◆ How to complete this task ◆
Take the entries below and reproduce exactly the portion that begins at the line containing "fun time together." and ends at the line containing "For next Sunday, May 5th &ndash; New Traditio", keeping both ends, dropping pictures, and adding nothing else.

◆ Supplied records ◆

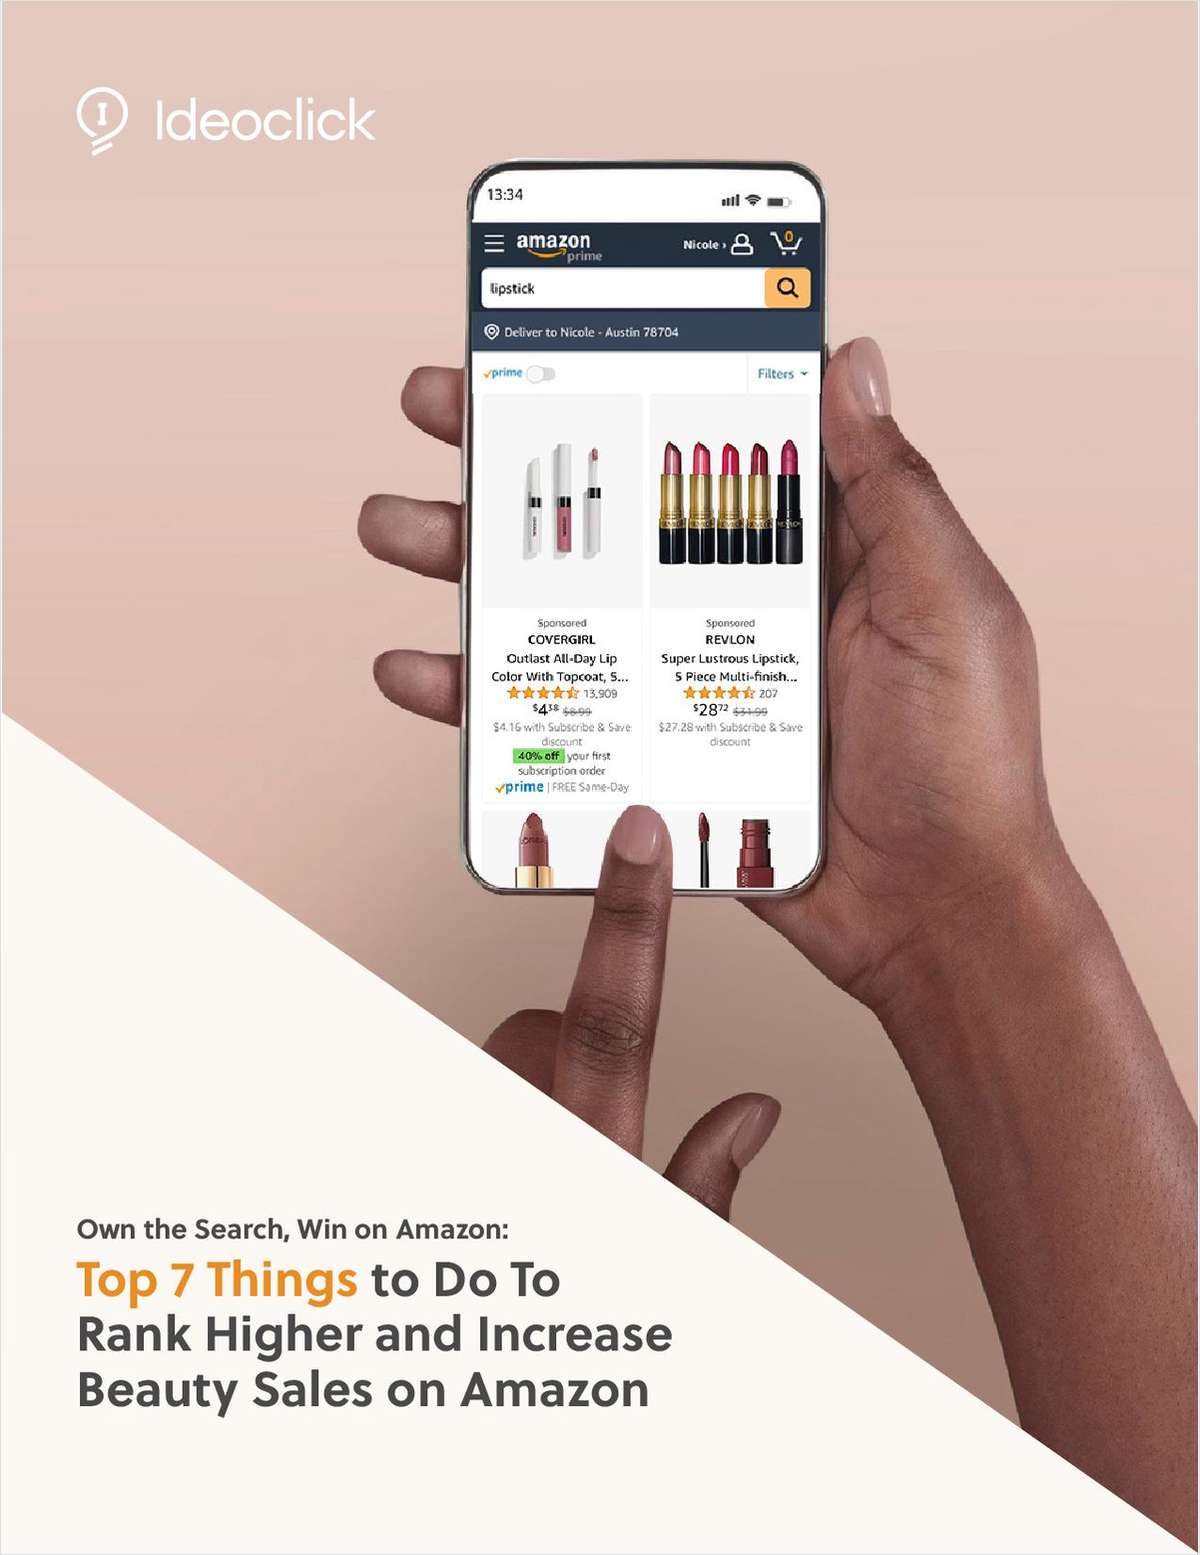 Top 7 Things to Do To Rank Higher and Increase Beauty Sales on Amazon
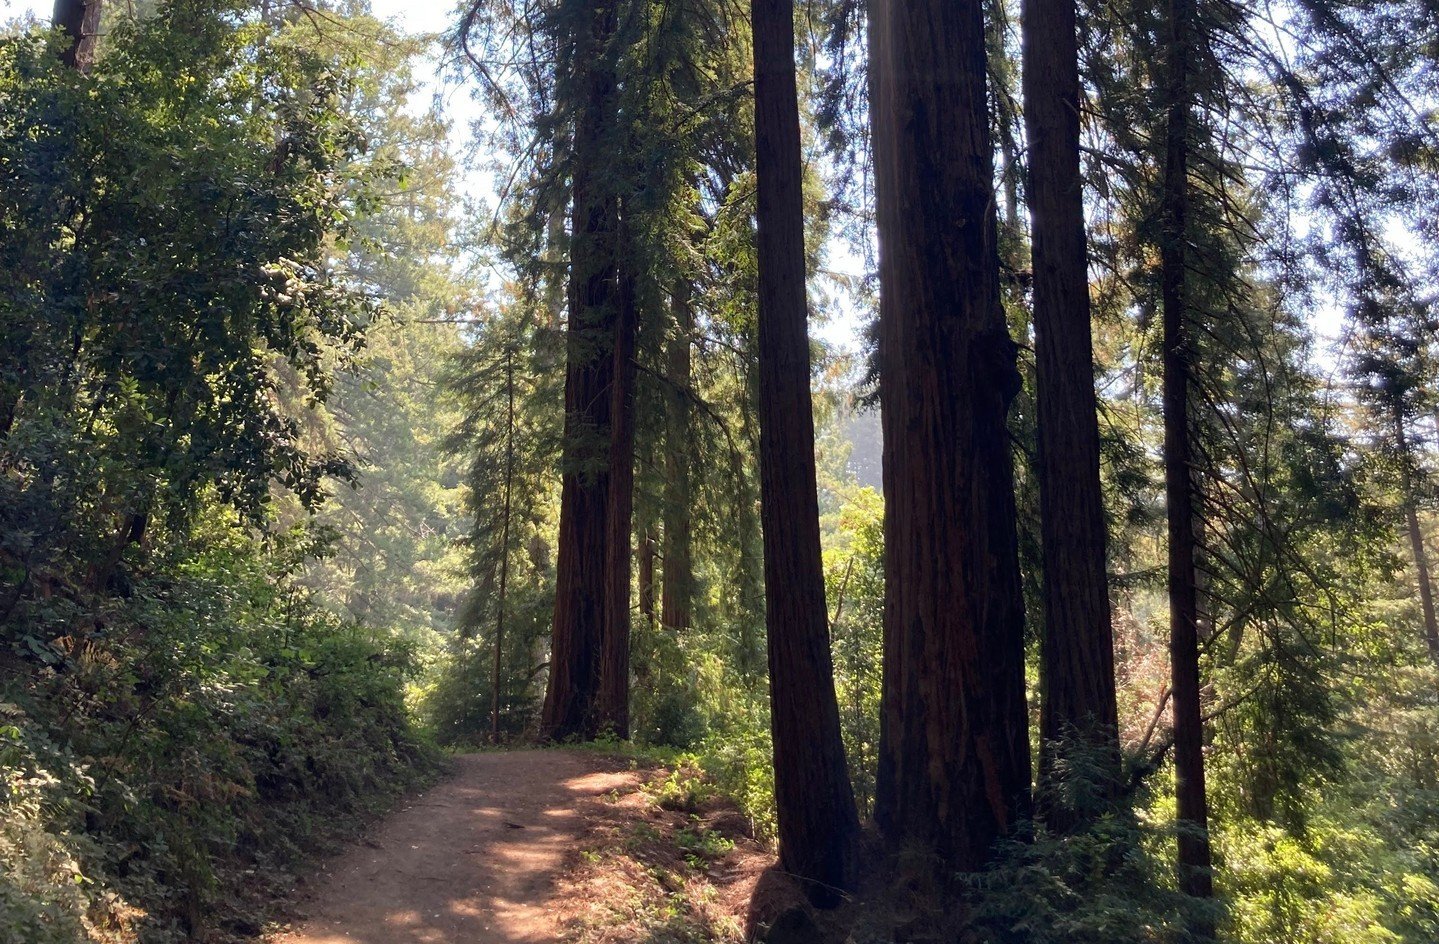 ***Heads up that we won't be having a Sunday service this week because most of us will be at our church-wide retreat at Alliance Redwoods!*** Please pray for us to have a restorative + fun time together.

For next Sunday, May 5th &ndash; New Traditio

---

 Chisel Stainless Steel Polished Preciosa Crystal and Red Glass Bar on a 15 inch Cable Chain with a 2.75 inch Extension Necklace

...

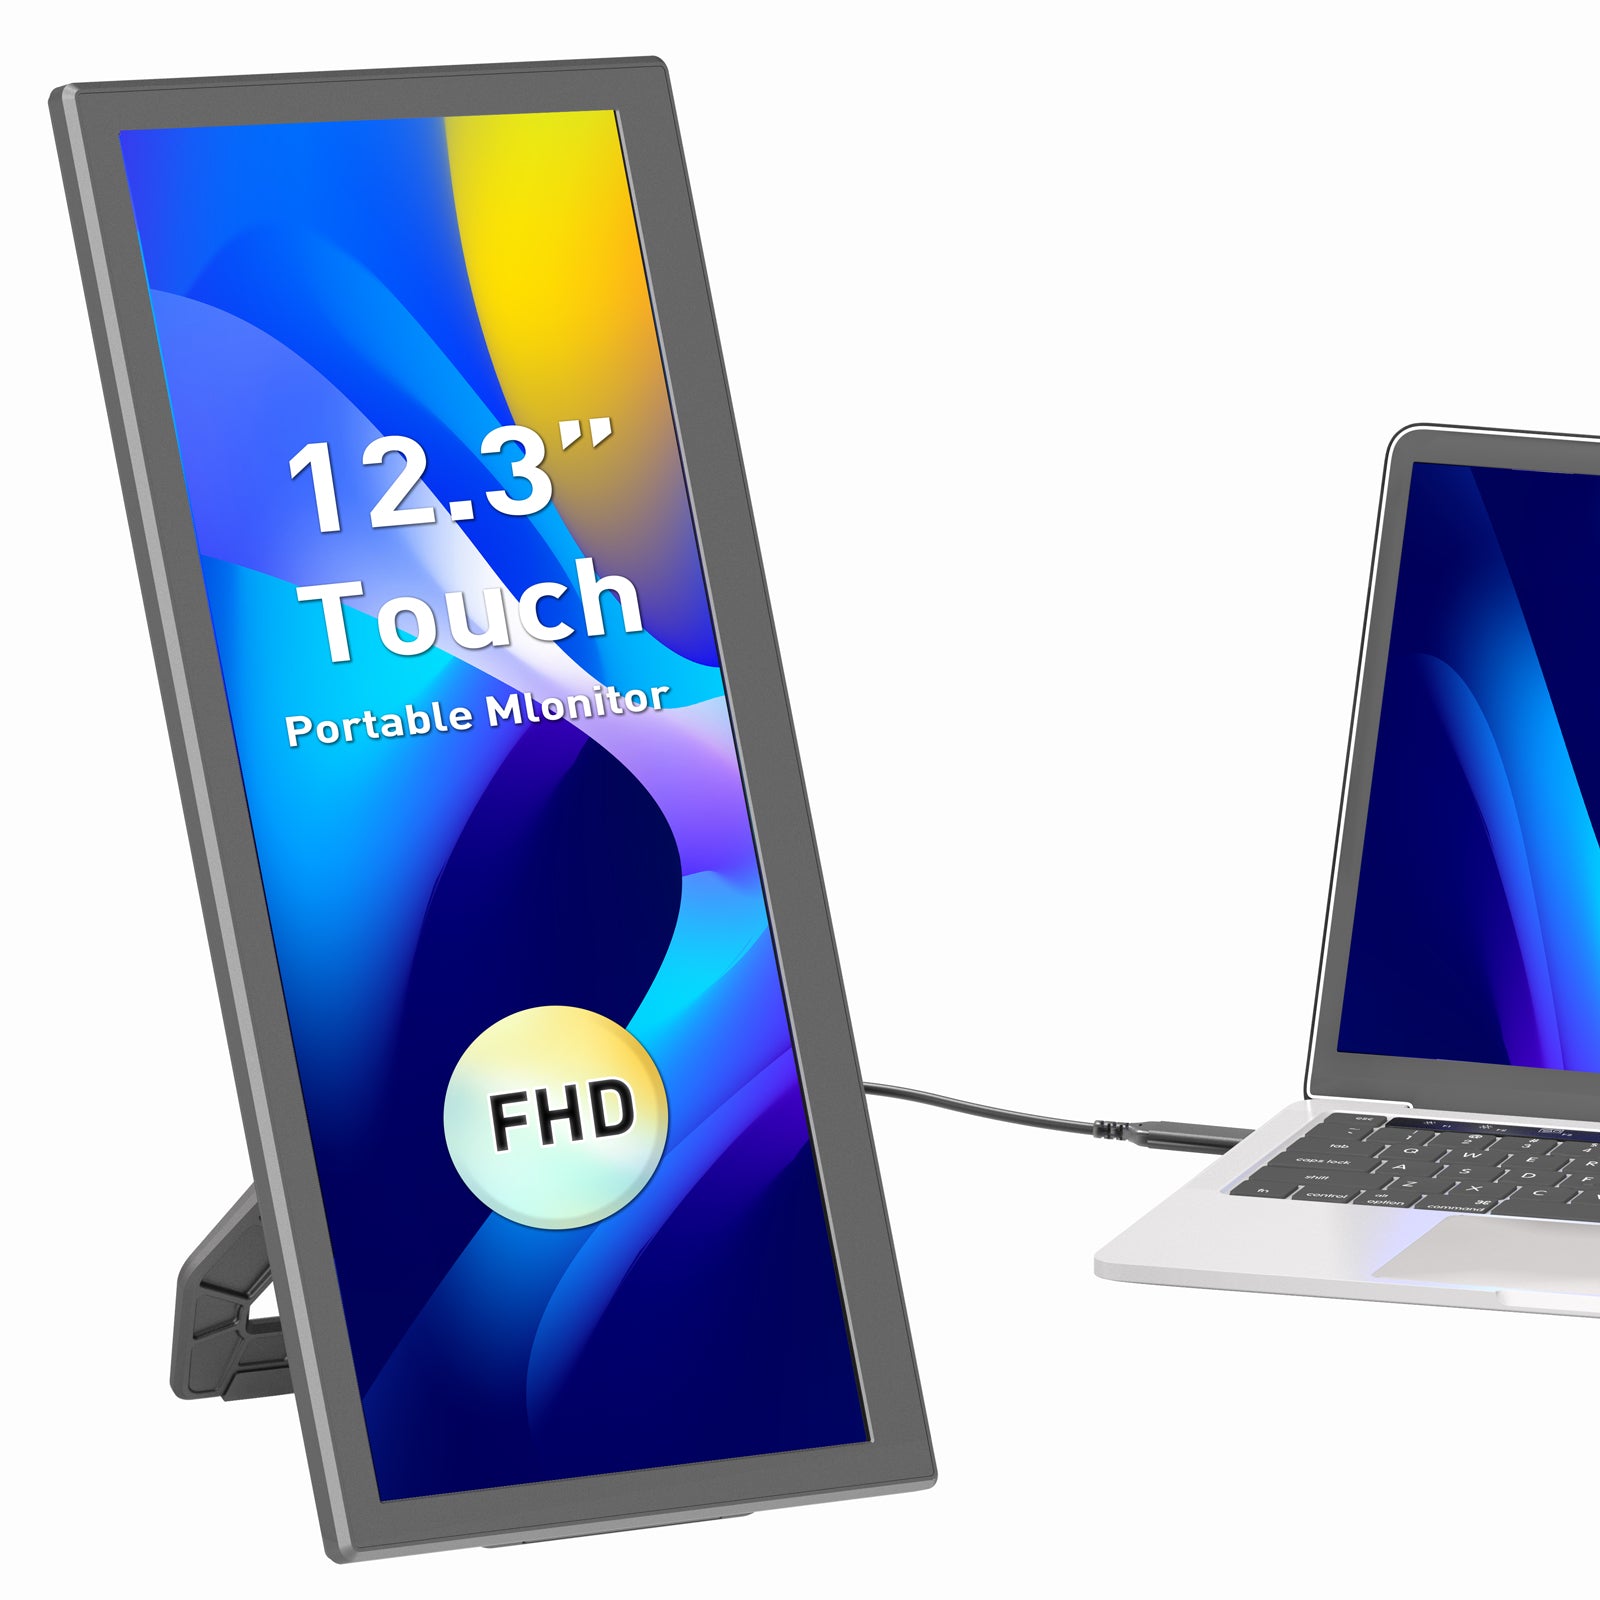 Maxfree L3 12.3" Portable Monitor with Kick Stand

◆ Exercise answer ◆
 ***Heads up that we won't be having a Sunday service this week because most of us will be at our church-wide retreat at Alliance Redwoods!*** Please pray for us to have a restorative + fun time together.

For next Sunday, May 5th &ndash; New Traditio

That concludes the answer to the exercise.